Legend: RNA vs. DNA counts for each cCRE, normalized to sequencing depth. Each data point is a hexagon representing the local density of cCREs.
Interpretation: The successful example showcases many sequences with high RNA-to-DNA ratios, reflected by points above the diagonal. The 1st unsuccessful example showcases little to no activity, with points clustering along the diagonal, and the 2nd unsuccessful example showcases silencing, reflected by many points falling below the diagonal.

3.22 Activity of controls

Goal: Assess the dynamic range of activity
Input file: activity_df
Evaluated metrics: Dynamic Range

Legend: Box plots of activity levels for positive and negative controls, as well as cCREs.
Interpretation: In the successful example, positive controls show high activity while negative controls show low activity. The unsuccessful example shows similar activity levels for positive and negative controls.

3.23 Genomic annotations

Goal: Assess concordance with endogenous signals of active chromatin marks
Input file: screen_df
Evaluated metrics: Concordance with endogenous signals

Legend: A stacked bar plot of cCRE overlap with active chromatin marks (ENCODE SCREEN elements). cCREs were grouped into six groups based on their activity levels.
Interpretation: The successful example showcases increased overlap with active chromatin marks as activity increases.
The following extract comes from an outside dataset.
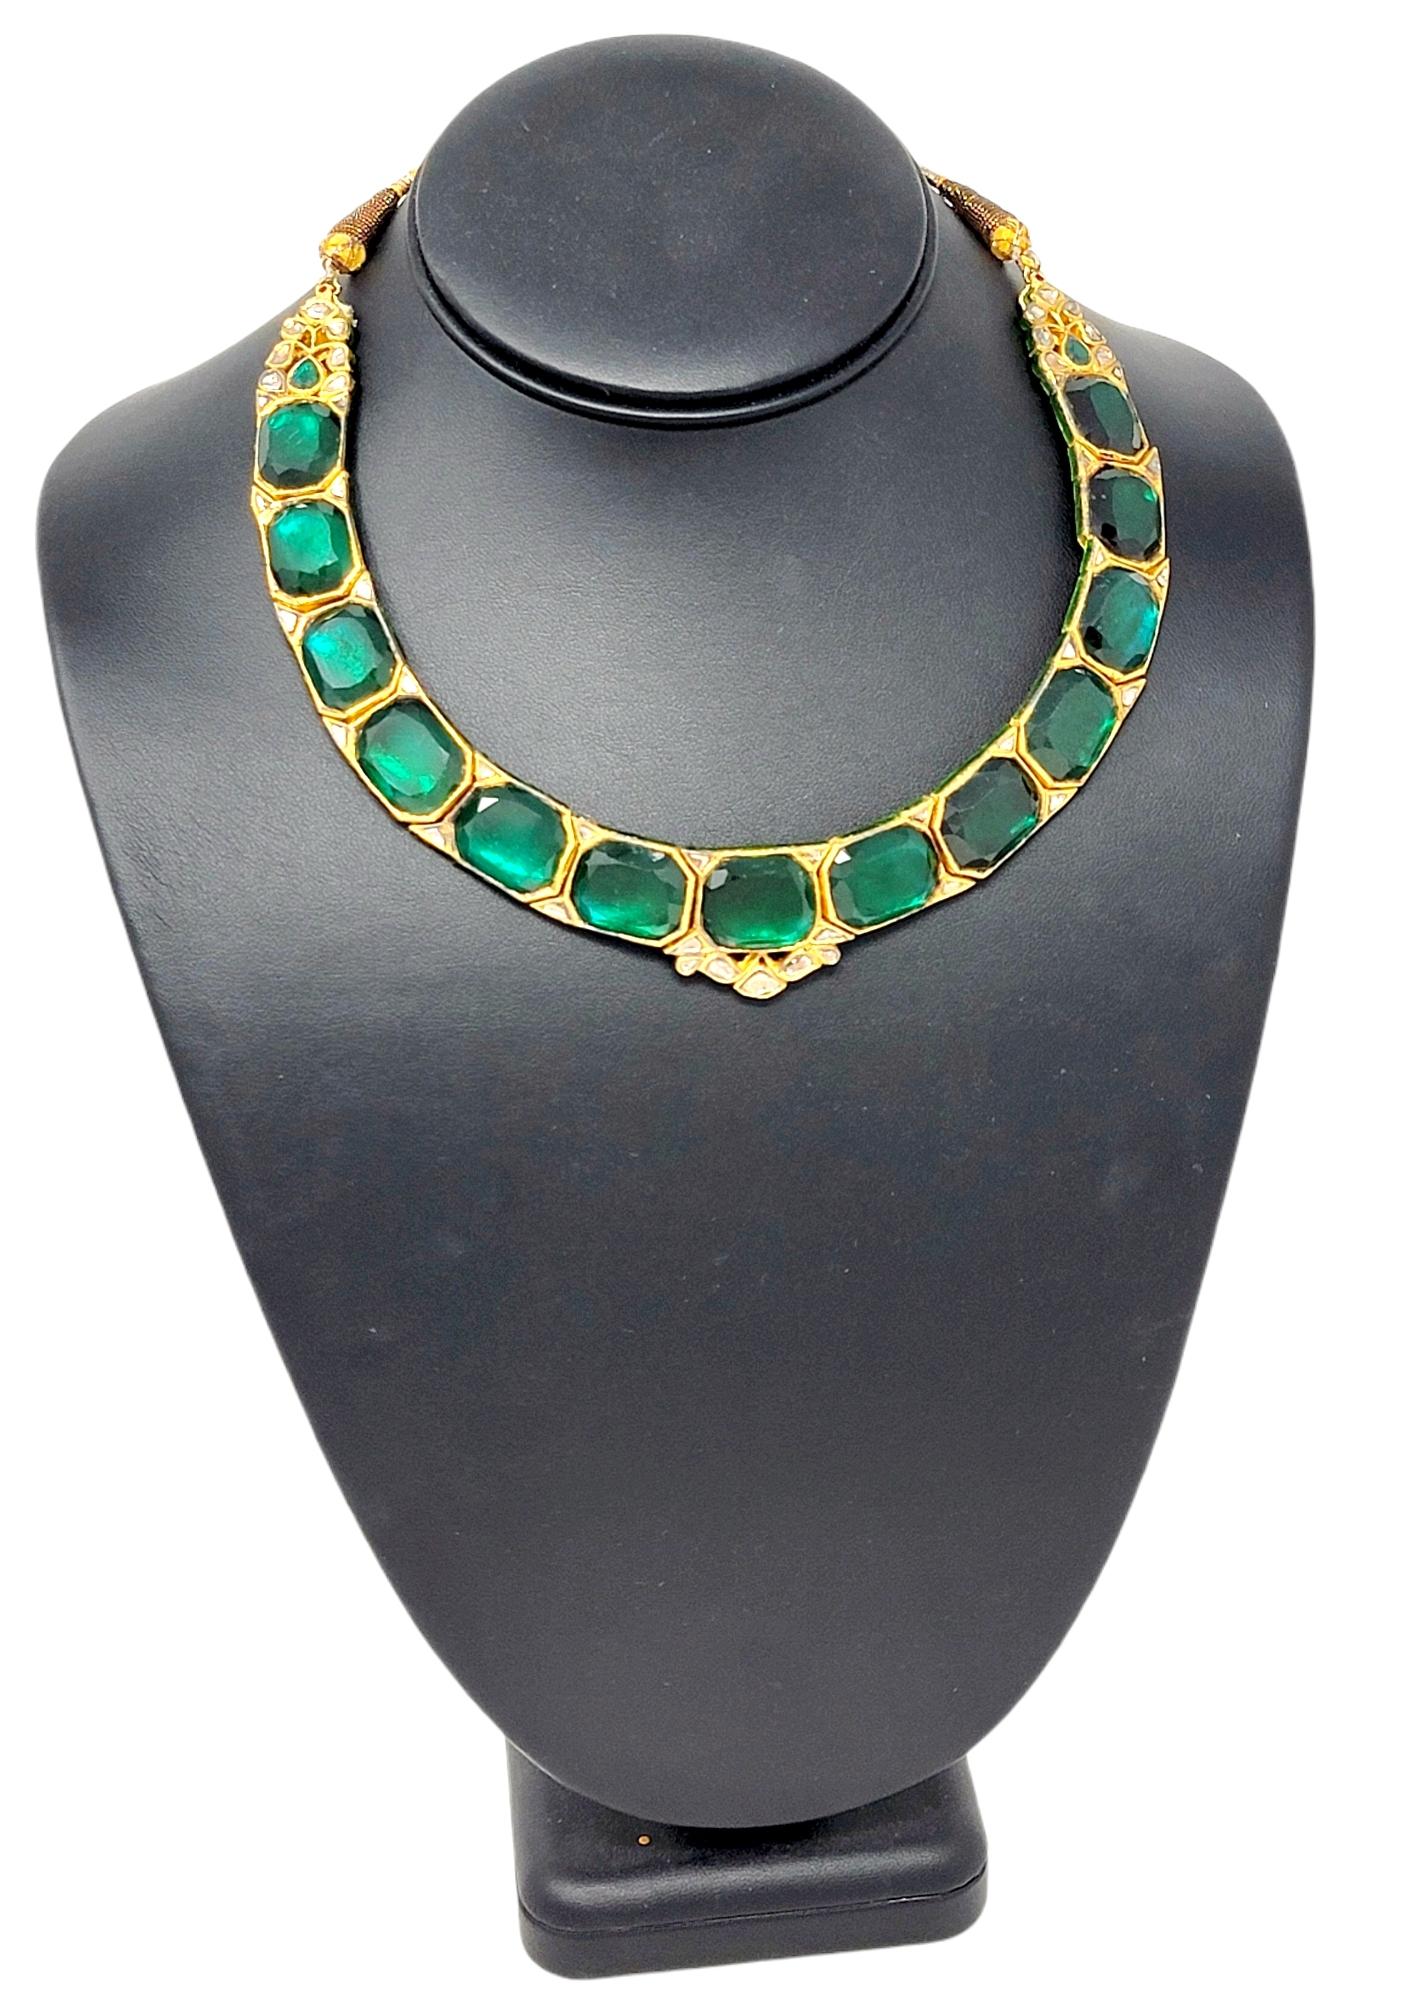 This gorgeous, one-of-a-kind Polki necklace is absolutely stunning. The bold color and size of the rich green glass stones really makes a statement, while the natural diamonds add an extra touch of sparkle. This incredible necklace features 13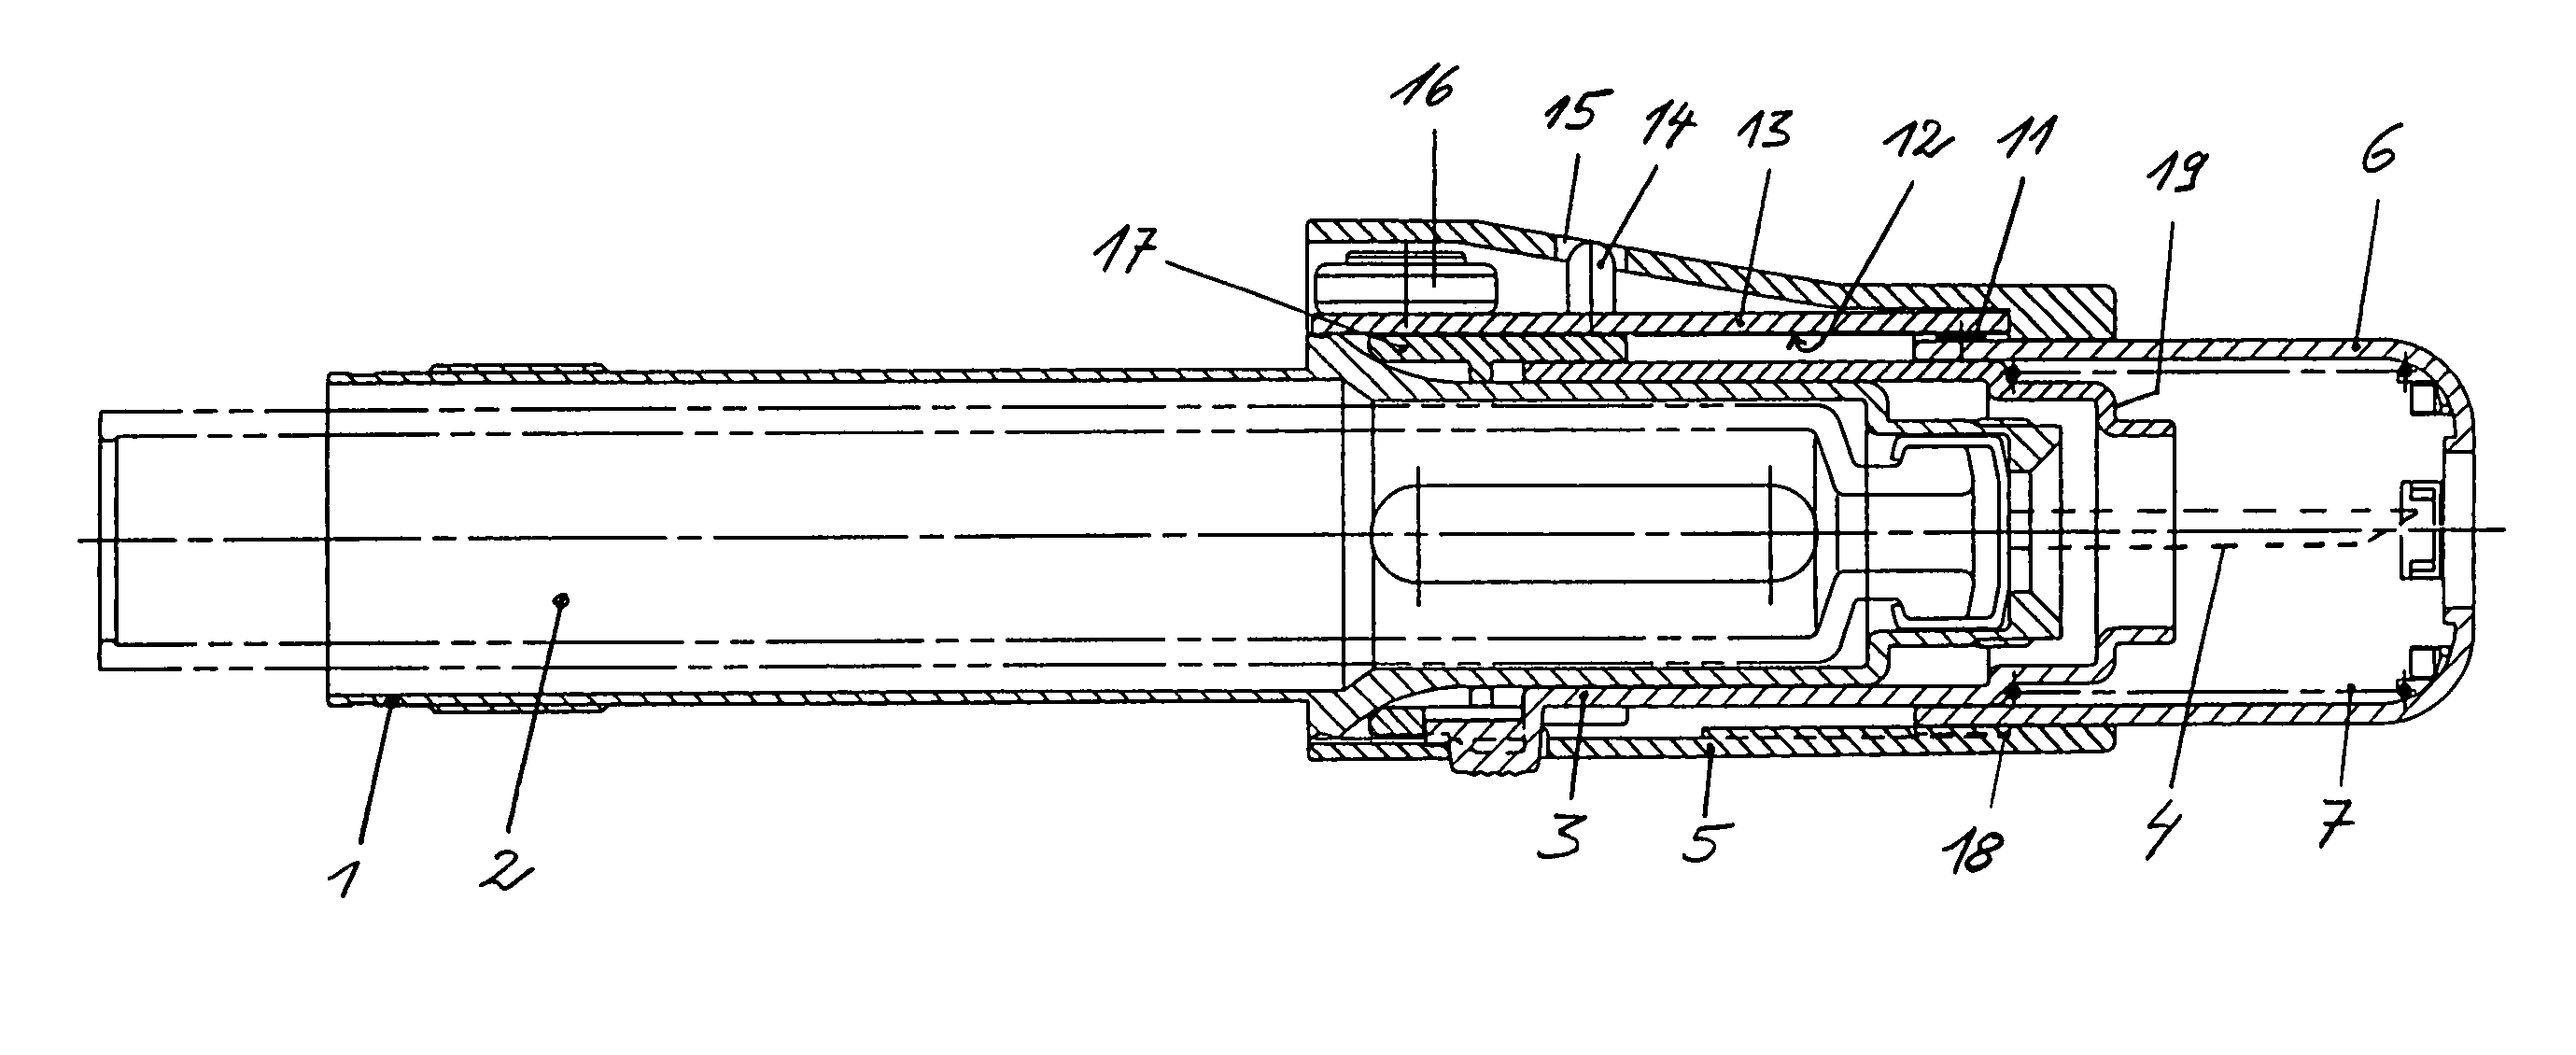 Apparatus for subcutaneous administration of an injectable product

The unsuccessful example shows no such increase

3.24 Proximity to TSS

Goal: Assess concordance with endogenous locations of cCREs
Input file: tss_df
Evaluated metrics: Concordance with endogenous signals

Legend: Box plots of cCRE distance to the closest TSS. cCREs were grouped into six groups based on their activity levels.
Interpretation: The successful example showcases that more active cCREs tend to be closer to a TSS. The unsuccessful example shows no such trend

3.25 AI predictions vs activity

Goal: Assess the correlation between AI predictions of activity and MPRA results
Input file: AI_df
Evaluated metrics: Concordance with endogenous signals

Legend: Experimentally measured activity vs AI-predicted activity. Each data point is a hexagon representing the local density of cCREs.
Interpretation: The successful example showcases a high correlation, and the unsuccessful example showcases little correlation

3.26 AI predictions vs differential activity

Goal: Assess the correlation between AI predictions of differential activity and MPRA results
Input file: AI_comparative_df
Evaluated metrics: Concordance with endogenous signals

Legend: Experimentally measured differential activity vs AI-predicted differential activity. Each data point is a hexagon representing the local density of cCREs.
Interpretation: The successful example showcases some correlation, and the unsuccessful example showcases no correlation.